Upon importing the data, we were able to notice important aspect of the dataset :

  • No NAs we present, saving us some time in cleaning up the dataframe
  • The columns were improperly names (spaces, accents...), so we had to rename them

We were able to look at the type and repartition of values for all columns:

  • Most of our variables were numerical and continuous, including our target (number of bikes)
  • We also had categorical values included in the temporal variables
  • The date variable was the only variable of type datetime, which tends to be impractical for visualizing and modeling
  • There were some discreptencies in the season labels, which we corrected using the dates given to us

Graphs and observations (in the notebook and PPT)

Some plots (especially those using plotly express) may not display directly in the notebook file.

To visualize them you can either compile the notebook, or just go to the plots folder which contains all the plots we did (plots 14 to 20 may be the ones which are not displaying in the notebook preview)

What we changed

Upon exploring and visualizing our data, we made some choices in order to facilitate our work.

What we added

We ended up adding the following columns :

  • day, integer from 1 to 31
  • month, integer from 1 to 12
  • year, integer between 2017 and 2018
  • bike_affluence, categorical varaible among ("very few","few", "some", "many") (to allow us to use classification models to predict the demand, instead of just regression models)
  • Moment_of_day, for a categorical representation of the hours of the day

What we removed

Upon manipulating our data, we discovered that :

  • functioning_day : the functioning_day variables, which was not originally explained in the description of the dataset, was actually telling us on which days the company did not rent bikes (days when no bikes were ever rented). Since we were focusing on causes for the demand of bikes that were external to the company, whe dropped the column to focus on the other predicators.

  • date : the date column would be difficult to manipulate, and we already had created new time variables (see added variables above), so we dropped it as well

  • year : almost no data was recorded in the year 2017, and the great majority of our rows were from 2018. This does not mean that no bikes were rented then.
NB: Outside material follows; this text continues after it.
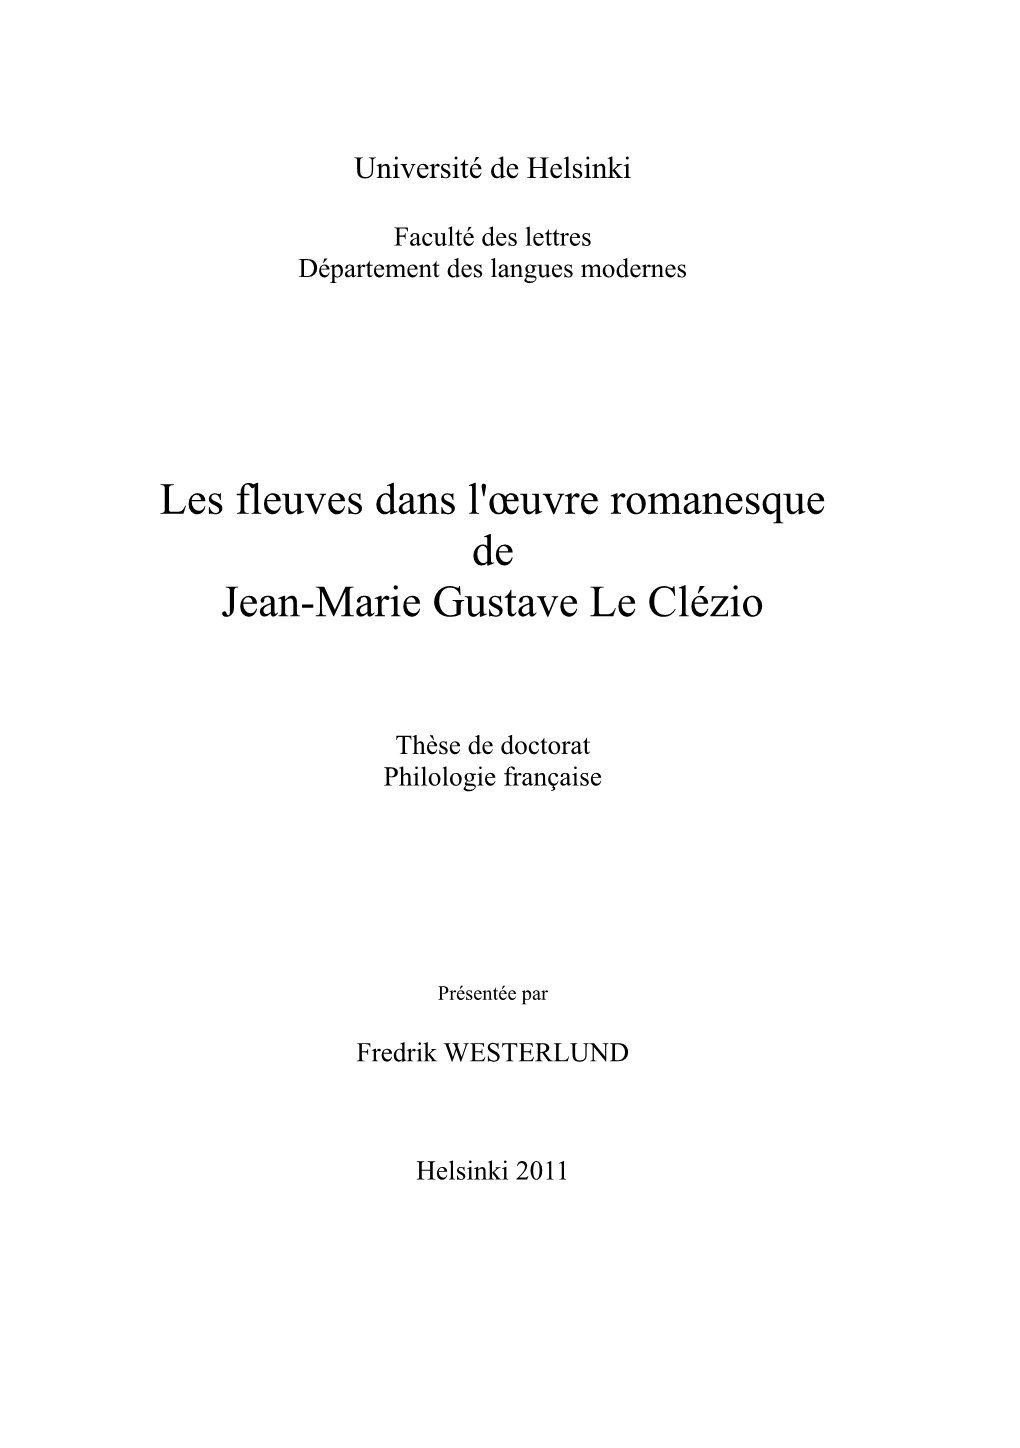 Les Fleuves Dans L' Uvre Romanesque De Jean-Marie Gustave Le Clézio

By the looks of it, we most likely had little to no data recorded before november of 2017. Furthermore we only had two years to use. We figured that the year variable would disrupt, rather than help, our study and models, and since most of the data was from 2018, the loss of information would be minimal. We therefore dropped the year column as well.

  • Moment of day : it was no longer usefull after visualizing the data

  • dew point temperatureh : it was too correlated to temperature

  • seasons : it was too correlated to month

Preprocessing the data

In preprocessing, we focused on two main tasks :

  • to une label encoder and label binarizer to change our categorical predicators into numerical values
  • to normalize (minmaxscaler) our numerical values to help improve the accuracy of classification models

Models

Regression Models

We started by splitting our data into a training and testing set, with the continuous variable number of rented bikes as target. The training set was composed of 90% of the dataset, and the testing set of 10%.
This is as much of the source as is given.